Джоан на прощанье помахала им с лестницы.
Снег был виден разве что в свете фонарей, но все равно щекотал лицо.
— Теперь повалит по-настоящему, — сказал он.
— Да.
На углу, где зеленый сигнал светофора казался из-за снега голубоватым, он, видя, что она спешит переходить за ним на «зеленый» через Тринадцатую, спросил:
— Вы ведь живете на правой стороне улицы?
— На правой.
— Я запомнил, мы же везли вас сюда из Бостона. — Тогда Маплы жили на Восьмидесятых улицах. — Недаром мне запомнились большие дома.
— Церковь и училище мясников, — уточнила Ребекка. — Каждое утро, часов в десять, когда я иду на работу, ребята, будущие мясники, со смехом выбегают на перемену, а сами все в крови.

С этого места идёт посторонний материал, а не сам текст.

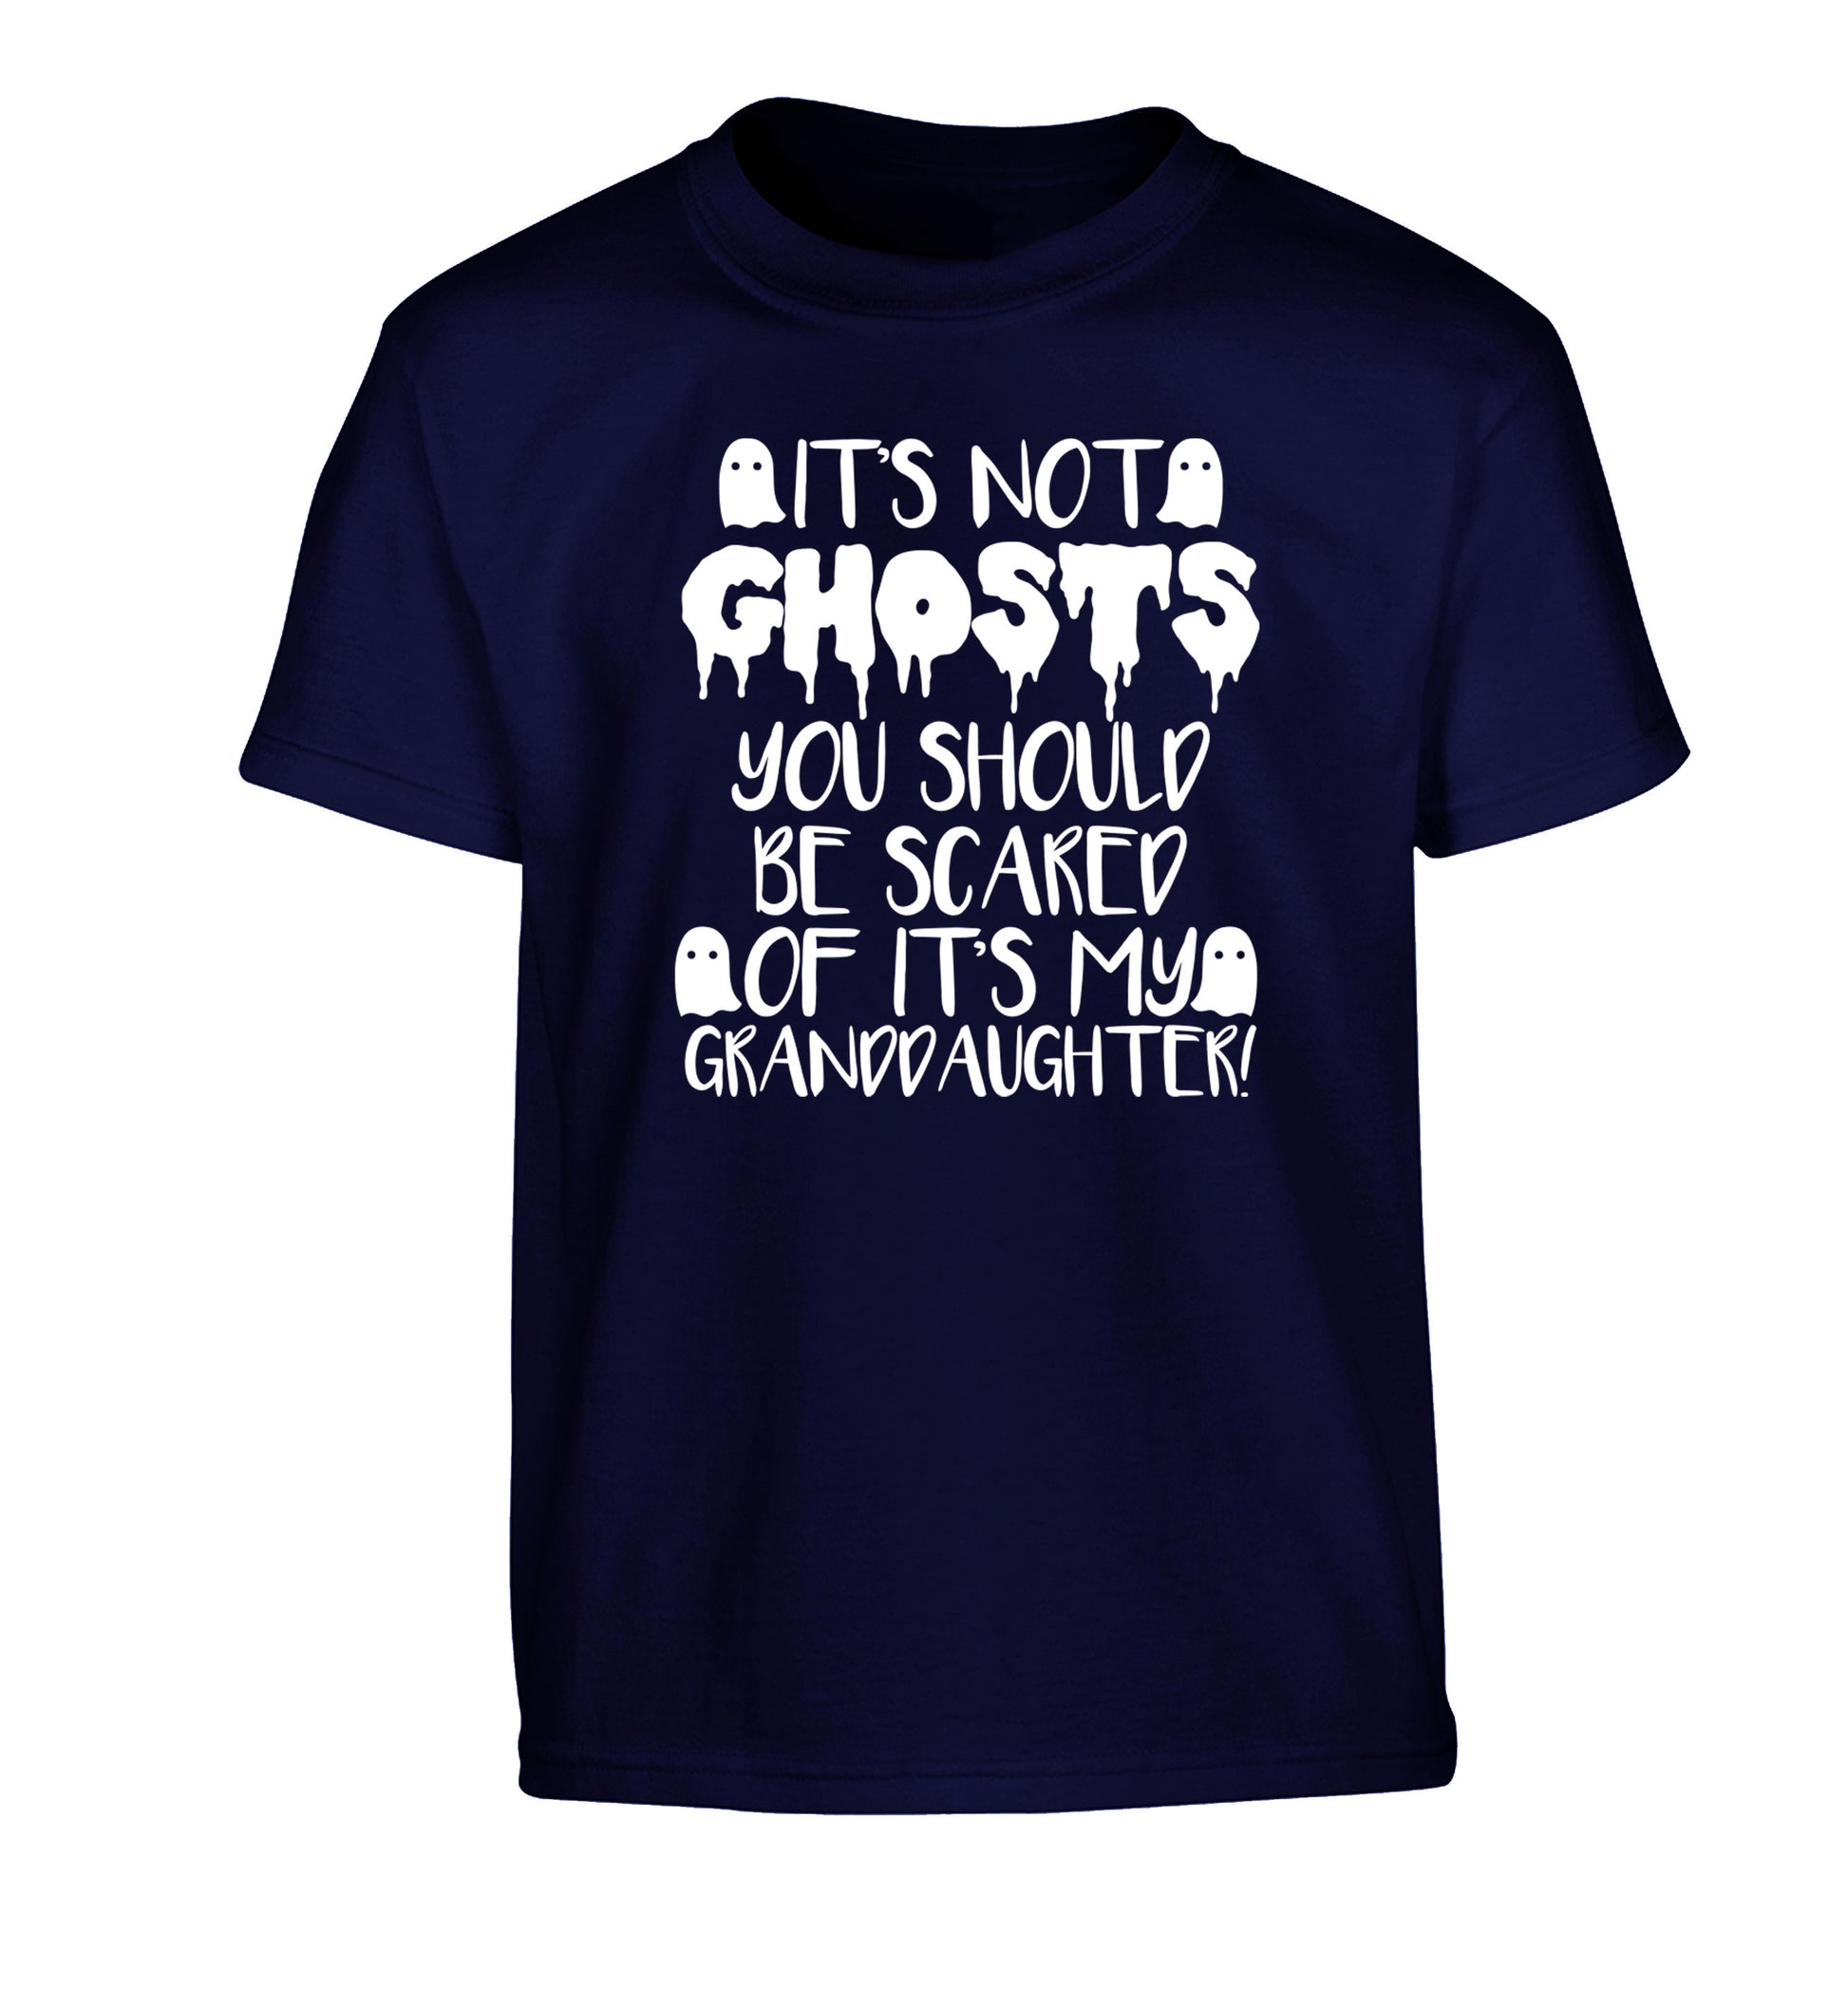 It's not ghosts you should be scared of it's my granddaughter! Children's navy Tshirt 12-14 Years

Ричард задрал голову и посмотрел на церковь. Шпиль с трудом можно было разглядеть на фоне высокого жилого дома на Седьмой авеню, с редкими освещенными окнами.
— Бедная церковь! — сказал он. — В этом городе шпилю трудно быть выше всего остального.
На это Ребекка ничего не ответила, даже своего обычного «да». Он почувствовал, что его склонность к проповедям неуместна. От смущения он привлек ее внимание к первому, что увидел, — к плохо освещенной надписи над большой дверью.
— «Профессиональное училище торговли продовольственными товарами», — прочел он вслух. — Между прочим, по словам соседей сверху, в нашей квартире когда-то жил оптовый торговец мясом, называвший себя «поставщик элегантной пищи». Вернее, там жил не он сам, а его содержанка.
— Вон те большие окна, — сказала Ребекка, указывая на верхний этаж богатого дома, — как раз напротив моих. Я смотрю туда через улицу и чувствую, что мы соседи. Там всегда кто-то есть. Понятия не имею, на что они живут.
Еще несколько шагов — и они остановились. Чуть громче обычного — так показалось Ричарду — Ребекка спросила:
— Хотите подняться? Посмóтрите, где я живу.
— Конечно. — Отказаться было бы противоестественно.
Они спустились по четырем бетонным ступенькам, открыли потертую оранжевую дверь, вошли в душный полуподвальный вестибюль и стали подниматься по деревянной лестнице. Посетившее Ричарда еще на улице подозрение, что он нарушает границу общественного сада вежливости, сменилось чувством очевидной вины. Мало кому доводится наслаждаться таким сладостным беззаконием, как подъем по лестнице следом за женщиной. Три года назад Джоан жила в Кембридже в четырехэтажном доме без лифта. Даже когда у них все превратилось в рутину, Ричард, провожая ее домой, не мог избавиться от страха, что хозяин выскочит из своей двери и разорвет его в клочки.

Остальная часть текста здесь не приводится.